Probably I should try NC for a while for us to heal and then start a friendship, if we could.

 

But friendship is not what I want. //cry

 

It hurts.......

 

I understand that you're hurting. That is part of life on the physical plane, though. You are still young...is this the first significant break-up you have gone through? These things do get easier with time. As you get to know your own unique healing process you'll be able to speed up your recovery time. The only way to get familiar with that is to go through it.

 

Everything that happens is for our highest good. What people lose sight of is that "highest good" is not necessarily "immediate good." Over the course of your life, people will come and go.

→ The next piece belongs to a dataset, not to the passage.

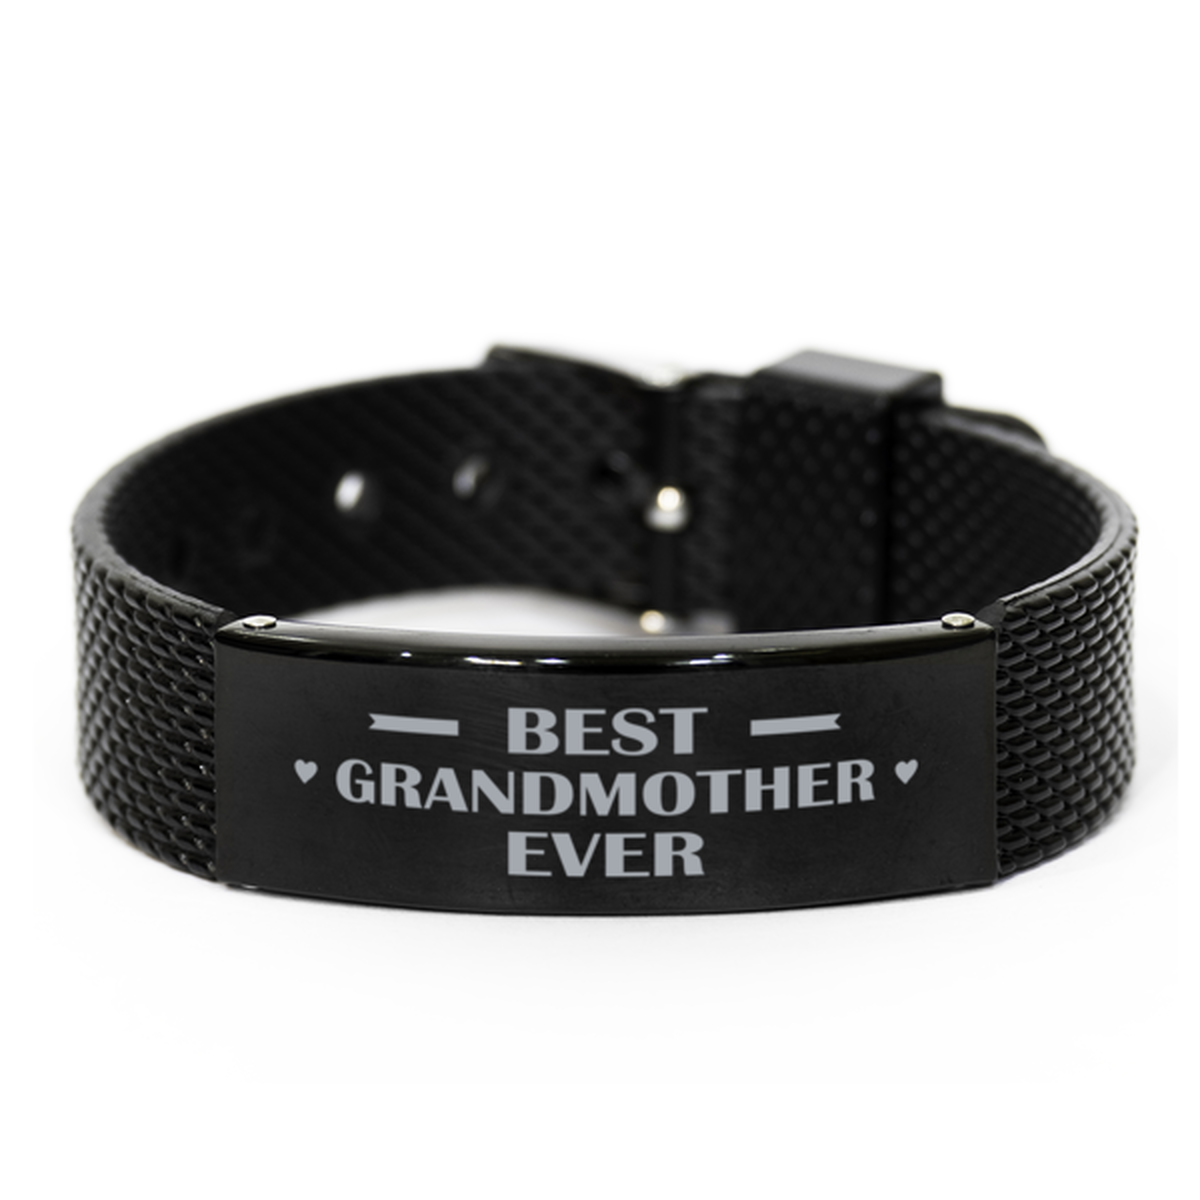 Best Grandmother Ever Grandmother Gifts, Gag Engraved Bracelet For Grandmother, Best Family Gifts For Women

Some will be part of your life for a while and then be gone forever, some will pop up multiple times, and some will be around constantly until their death or yours. In every case, life unfolds as it should in order for you to learn the lessons you are here to learn.

 

I started dating my college bf when I was 19 and he was 21. We went through hell and back together -- abusive parents (mine), eating disorder (mine). He got me out of their house, walked with me through the eating and body image issues, and I was 100% convinced we'd get married and be together for the rest of our lives. I was completely sure there wasn't a better match in the world for me.

 

I was wrong.

 

Most people change so much from their late teens to their late 20's that in a lot of ways, they are not the same person by the time they hit 30. We broke up when I was 27 and he was 29. I didn't have any contact with him for nearly a year...I couldn't, it was incredibly painful. But, after that time had gone by and we each learned to live alone and be single and date again, we were able to develop a close friendship that continues to this day.

 

I was single for the better part of 10 years after breaking up with him, and after several relationships and more dates and flings I care to recall, figured I'd be single for the rest of my life. Then I met the most amazing man...in many ways he was and is the male version of me...and at the age of 38 I got married. BTW, my husband and my college bf get along famously...when we all lived in the same city the two of them would go hang out together.

 

You never know what life is going to hold in store for you. If you can detach from your situation just a bit, and entertain the thought that there are better things waiting for you up the road, it may make this current transition easier. You cannot make other people do (or not do) anything. If your ex isn't ready to make that commitment, you have to accept that. You don't have to like it, but you do have to accept that is his truth, and deal with what is.

 

If continuing to see each other just ends up hurting you both, it really needs to stop so you can both heal. That is no way to live, and if you continue doing this it is going to drag you further and further down, and you won't be open to new opportunities that are presented to you. If you let go, yes, there is a chance that you'll grow apart....but after you heal it's not going to feel like it does now.

 

A good relationship -- romantic or platonic -- strengthens and uplifts BOTH partners. From what you've described, you do not have this with him now. You can go on hurting each other or you can refrain from contact with him and focus on your own life and healing yourself. You know what you've chosen thus far and where its gotten you. If you want to be somewhere different, you need to make some different choices.